O que fazer quando um valor central da democracia é visto de forma tão diferente pelos congressistas e pela população? E quando esse mesmo valor é interpretado de maneira sem nenhum ponto de convergência por pessoas de visão política diferente?
Recentemente realizamos a pesquisa “Percepções sobre Liberdade de Expressão – População e Congresso”, a fim de investigar o atual descolamento da leitura sobre o tema entre a população brasileira e seus representantes políticos que atuam no Legislativo nacional.
Conceitualmente, ambos os universos reconheceram a pauta da liberdade de expressão como de alta prioridade para a democracia brasileira. Entre os congressistas a média da nota da prioridade desse tema, numa escala de 0 a 10, foi de 8,7. Para a população, a nota média foi de 7,2.
Que bom que é assim, dado que historicamente a democracia sempre foi baseada no diálogo entre opiniões diferentes, o regime do dissenso. Por isso, muitos autores se referem à liberdade de expressão como a “primeira liberdade”, aquela que permite a construção de todas as outras liberdades, e como o pilar da tolerância.
Porém, aprofundando os questionamentos da pesquisa e direcionando-os para elementos mais factuais, observamos a distância que começa a se formar entre todos aqueles que, até então, “falavam a mesma língua”. A questão passa não mais a ser sobre endossar ou não a ideia abstrata de liberdade de expressão, mas no que ela consiste, quais seus limites concretos e quem são os seus “inimigos”.
O que para uns seguia sendo um direito, para outros passava a ser um discurso perigoso; o que para uns deveria ser intocável, para outros deveria ser censurado; o que para uns era liberdade, para outros era uma violação à democracia.
No levantamento fica explícito quando 35% da população respondeu que é proibido “defender publicamente que o STF está prejudicando a democracia”, enquanto 37,1% disseram que não é proibido (19% responderam que depende e 8,9% não souberam ou não responderam). Esses dados são apenas um exemplo dos diversos casos em que constatamos esse grande desalinhamento.
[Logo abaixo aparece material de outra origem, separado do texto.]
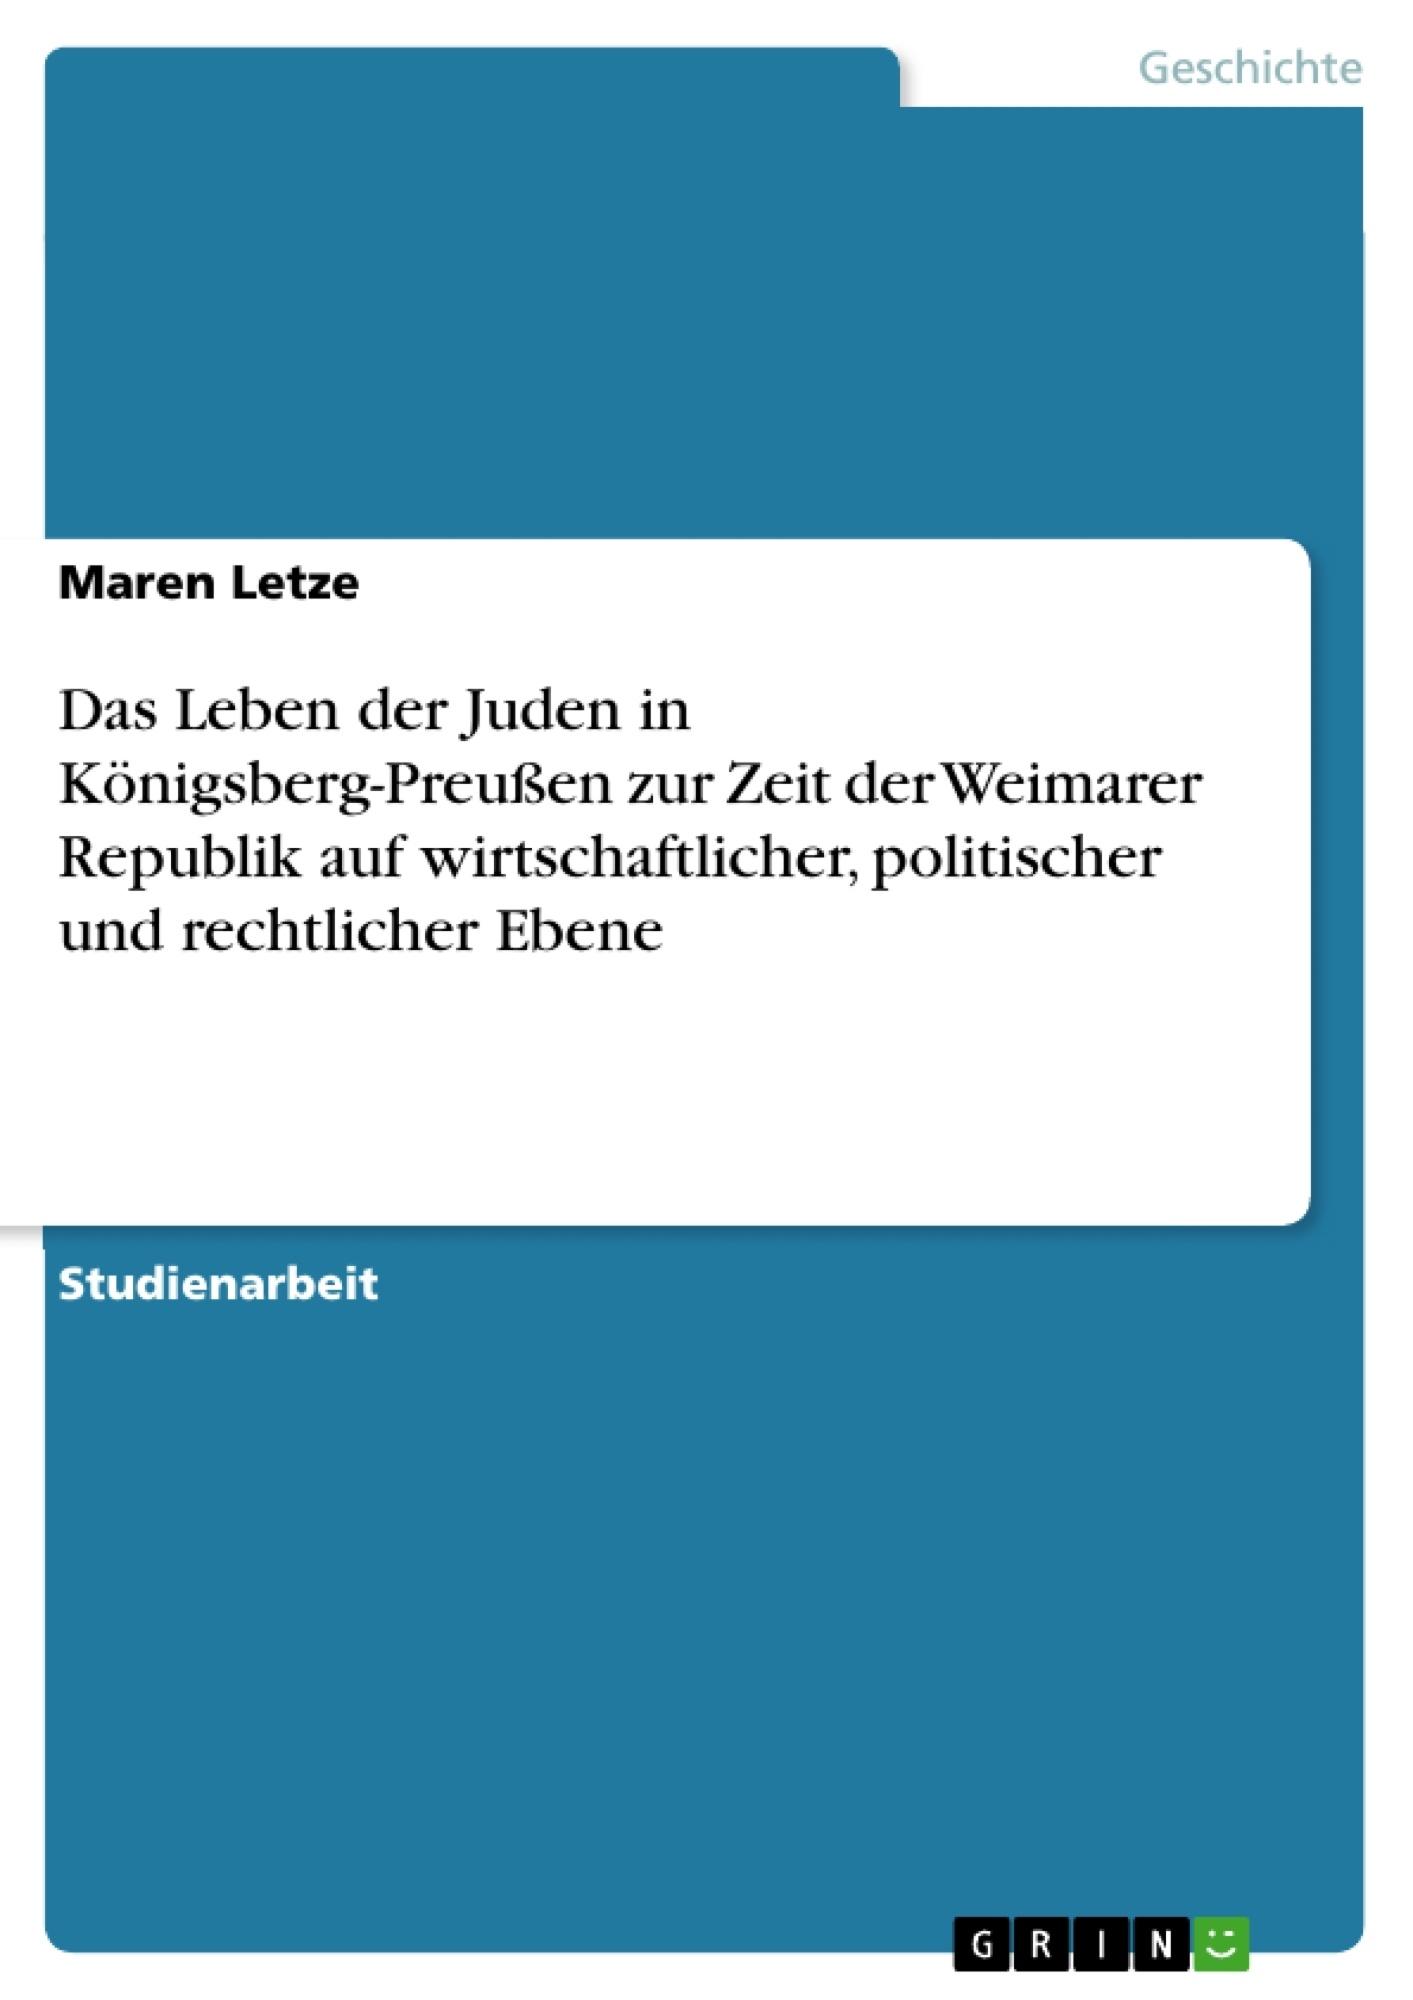 Titel: Das Leben der Juden in Königsberg-Preußen zur Zeit der Weimarer Republik auf wirtschaftlicher, politischer und rechtlicher Ebene

Não há consenso, tampouco aproximação interpretativa, entre os posicionamentos obtidos na pesquisa. Há, no entanto, divergências ideológicas que se acentuam em ambas as amostras abordadas – divergências, em casos, evidentes, mas que não auxiliam na definição clara daquilo que pode ou que não pode ser expresso pelas pessoas. Na falta de entendimento sobre o tema mantém-se incerto e aberto a interpretações não necessariamente coerentes.
Os dados ainda reforçam, em suma, que junto ao debate sobre liberdade de expressão, no Brasil, impõe-se, antes, a obrigatoriedade de um sério diálogo nacional em relação ao tema. Caso contrário, corre-se o risco de esvaziamento e, mais perigoso ainda, do sequestro da pauta para fins que não estejam associados à defesa da democracia e de seus direitos.
De qualquer forma, temos uma grande oportunidade na mão. Se o valor é prioritário para a maioria dos brasileiros e seus congressistas, é o momento certo de realinharmos esse valor. Para isso, precisamos começar por algo muito básico: ouvir e tolerar o que os outros pensam diferente de nós. Afinal de contas, como diria George Orwell: “Se a liberdade significa alguma coisa, será sobretudo o direito de dizer às outras pessoas o que elas não querem ouvir”.